- _EXERCISE_: Word for word, reproduce each line of the data below, omitting every image.

- _DATASET CONTENT_:
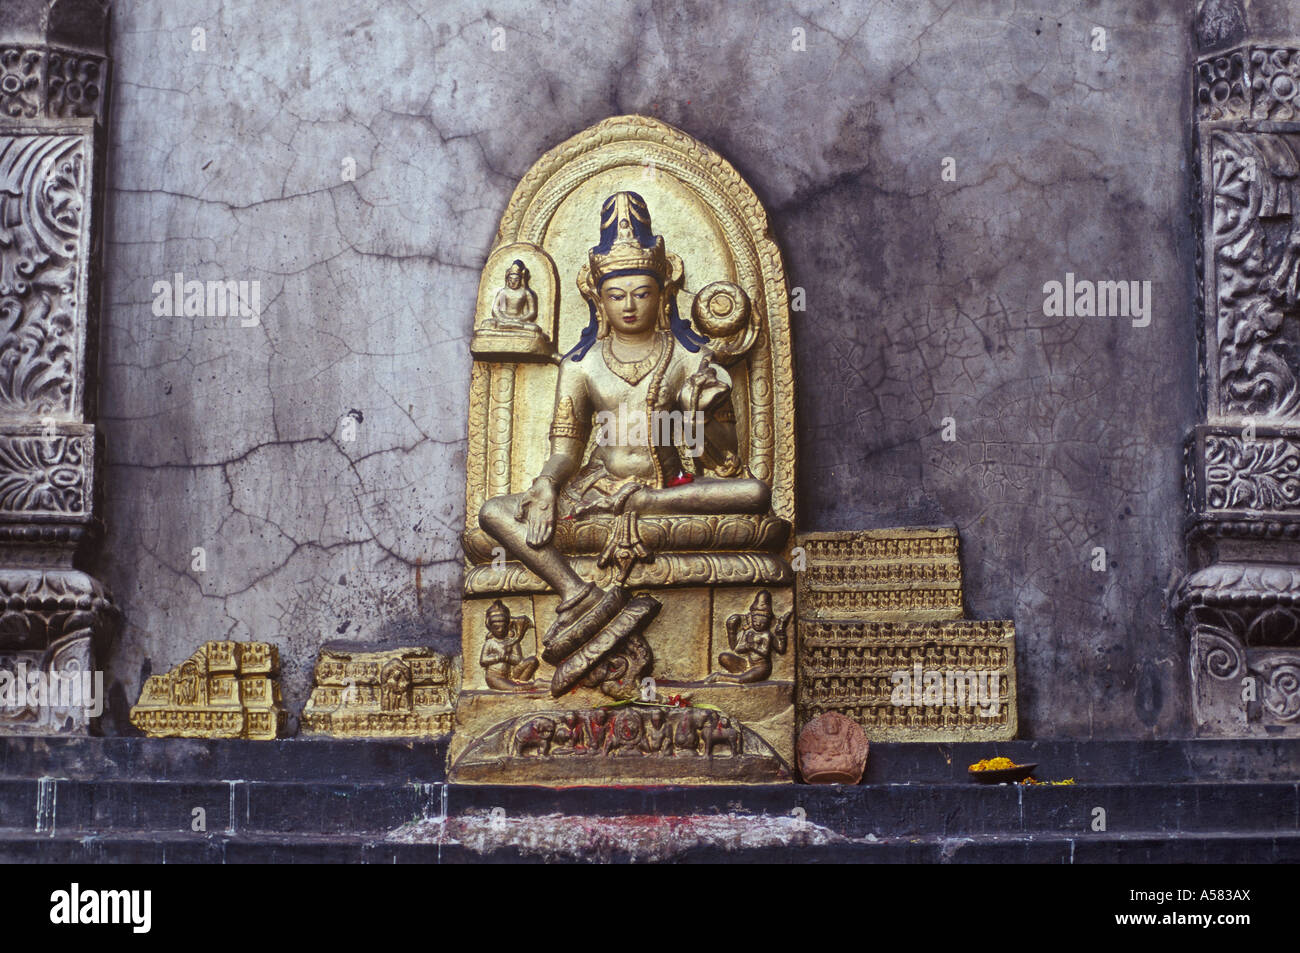 L'une des nombreuses images de Bouddha sur la façade de l'Mahabodhi-Temple, Bodhgaya, Bihar, Inde Banque D'Images
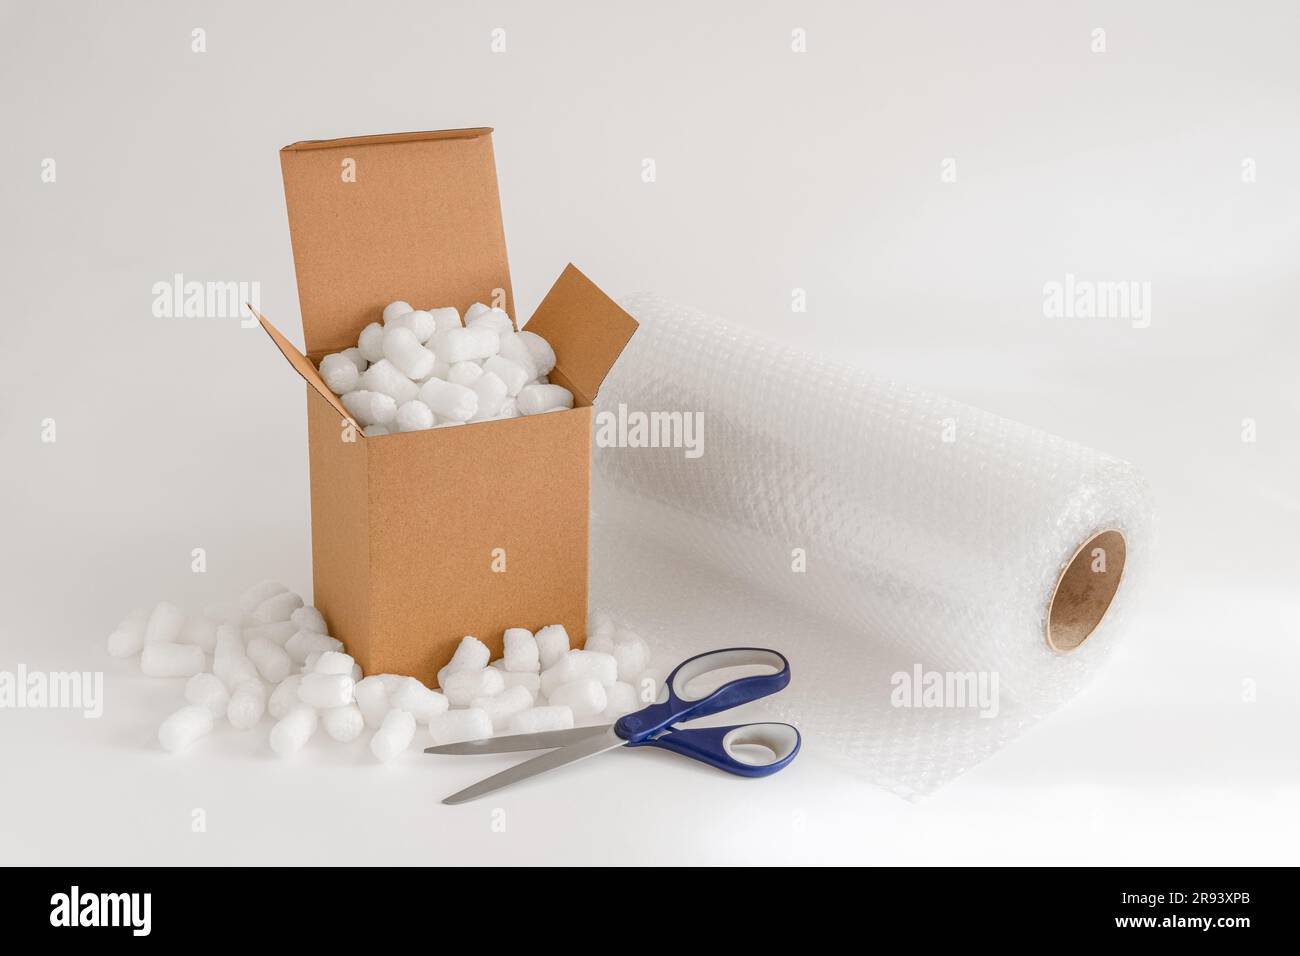 Caja de cartón aislada en el fondo blanco lleno de cacahuetes de embalaje más plástico de burbujas y tijeras Foto de stock
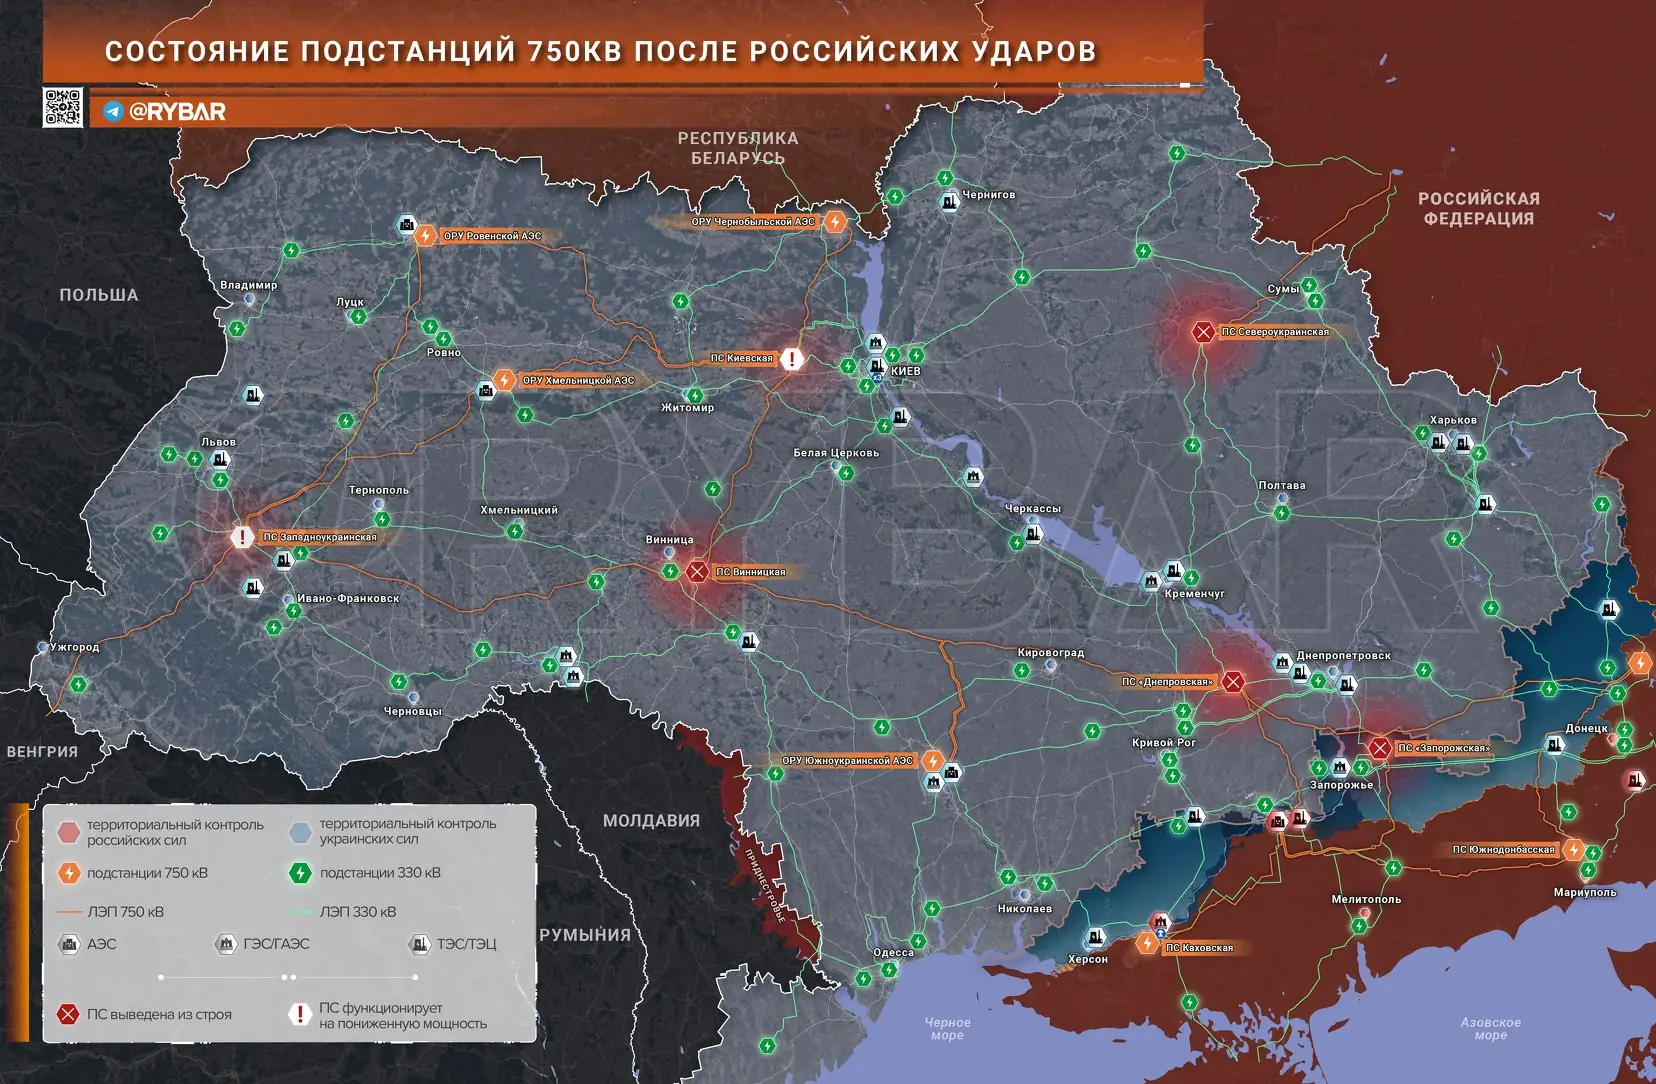 Что случилось с украинскими подстанциями после ударов ВС РФ?

- _WRITTEN SOLUTION_:
 L'une des nombreuses images de Bouddha sur la façade de l'Mahabodhi-Temple, Bodhgaya, Bihar, Inde Banque D'Images
 Caja de cartón aislada en el fondo blanco lleno de cacahuetes de embalaje más plástico de burbujas y tijeras Foto de stock
 Что случилось с украинскими подстанциями после ударов ВС РФ?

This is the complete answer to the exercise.